(Data excerpts)
────
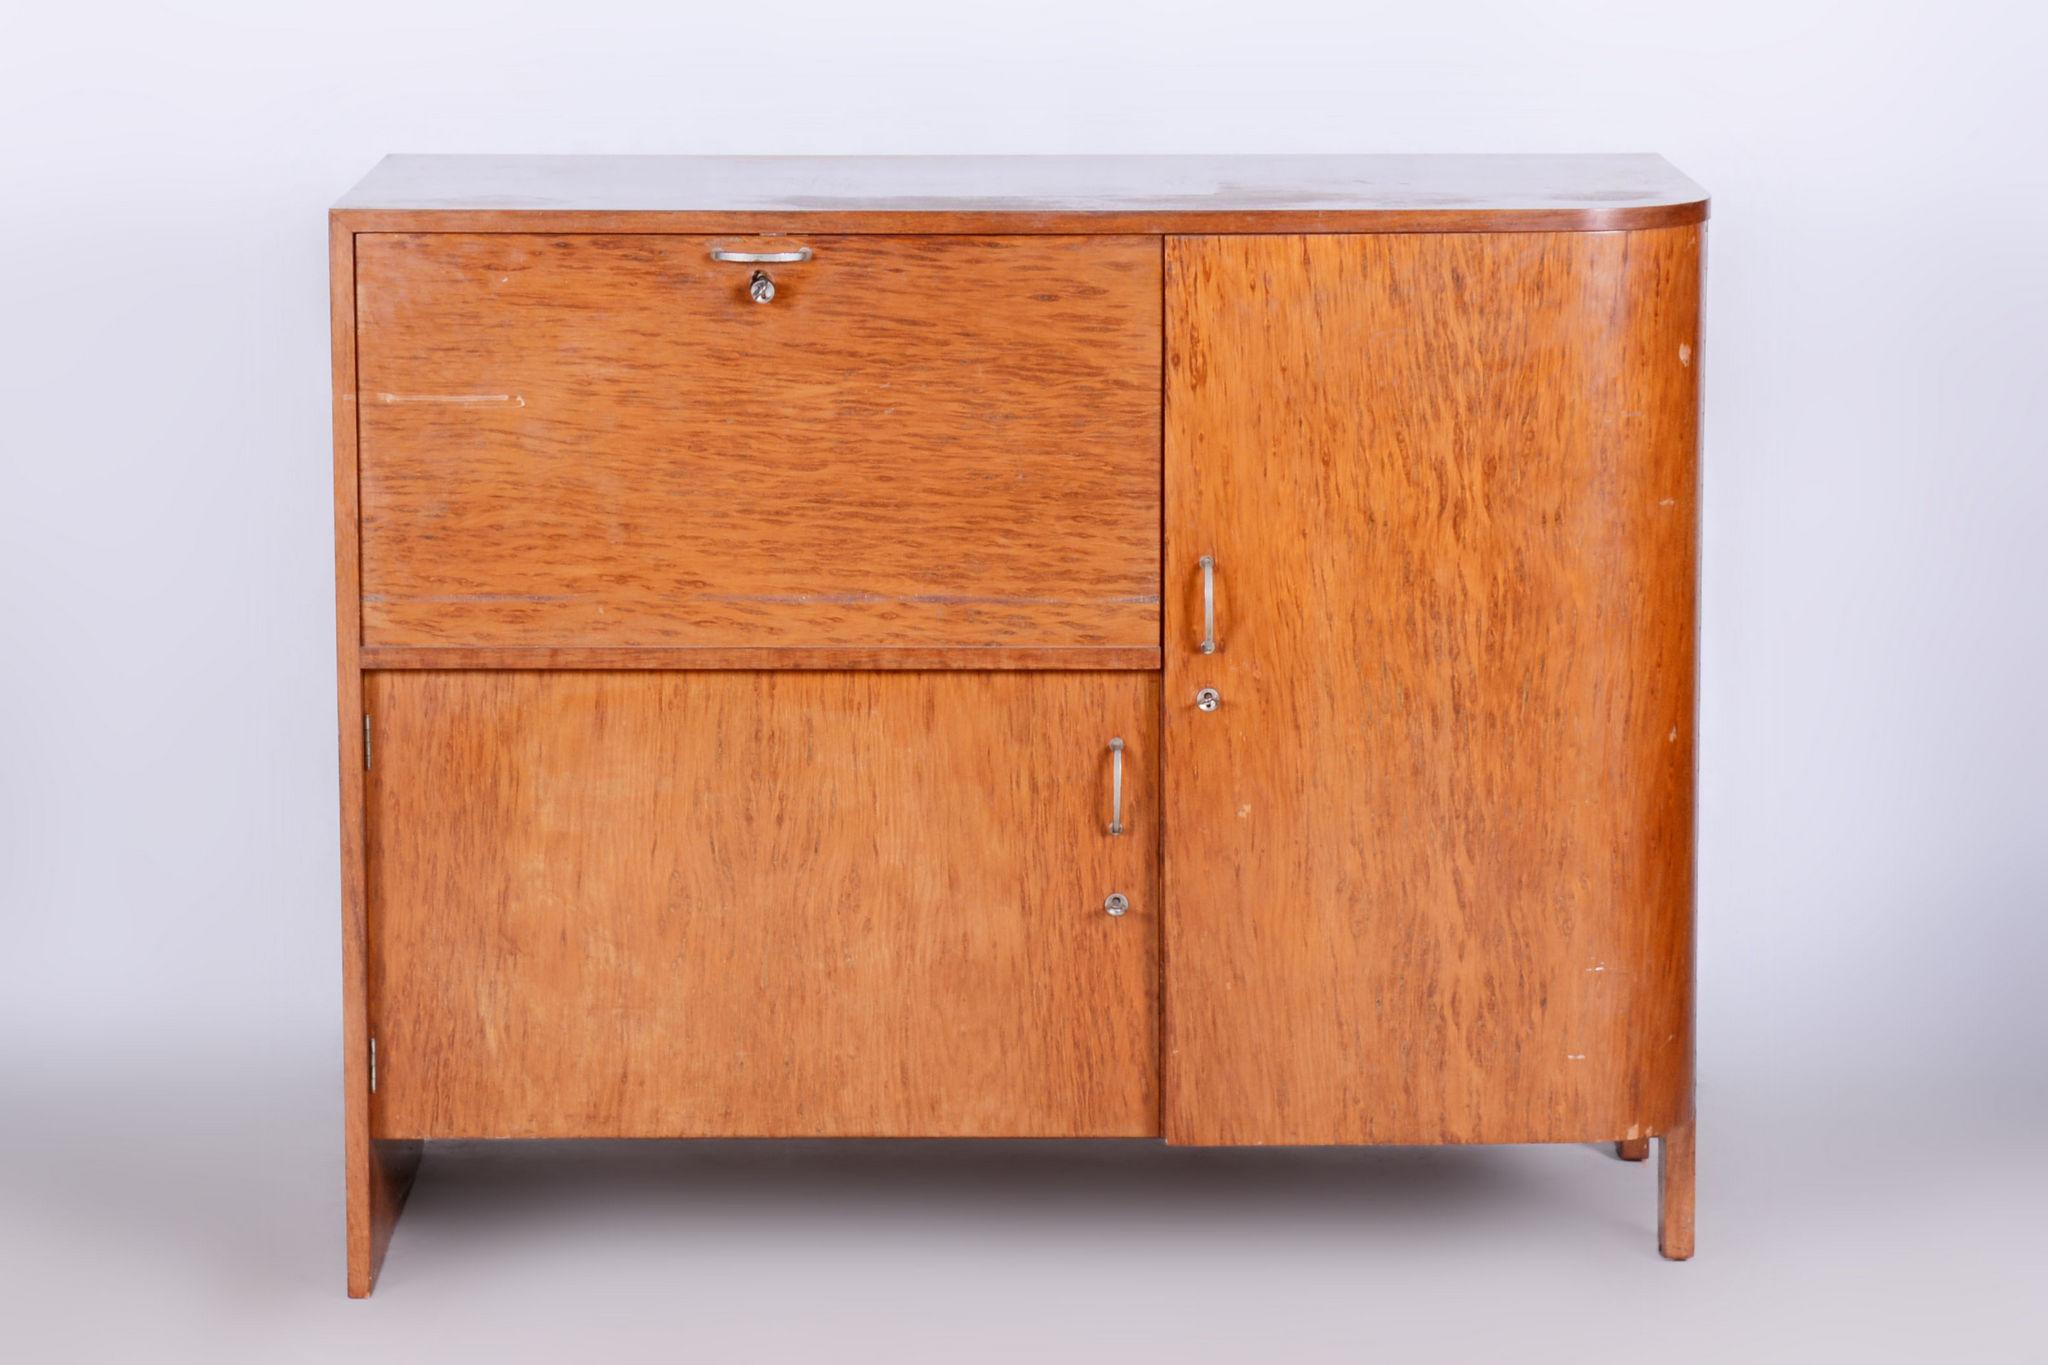 French Art Deco sideboard.
Material: Palisander
Period: 1920-1929

It has been re-polished with polyutherane piano lacquer by our professional refurbishing team in Czechia according to the original process.								

Our professional refurbishing
────
## What the task requires
Would you report every line of the entries above containing the word "professional"?

## Answer for this exercise
It has been re-polished with polyutherane piano lacquer by our professional refurbishing team in Czechia according to the original process.								
Our professional refurbishing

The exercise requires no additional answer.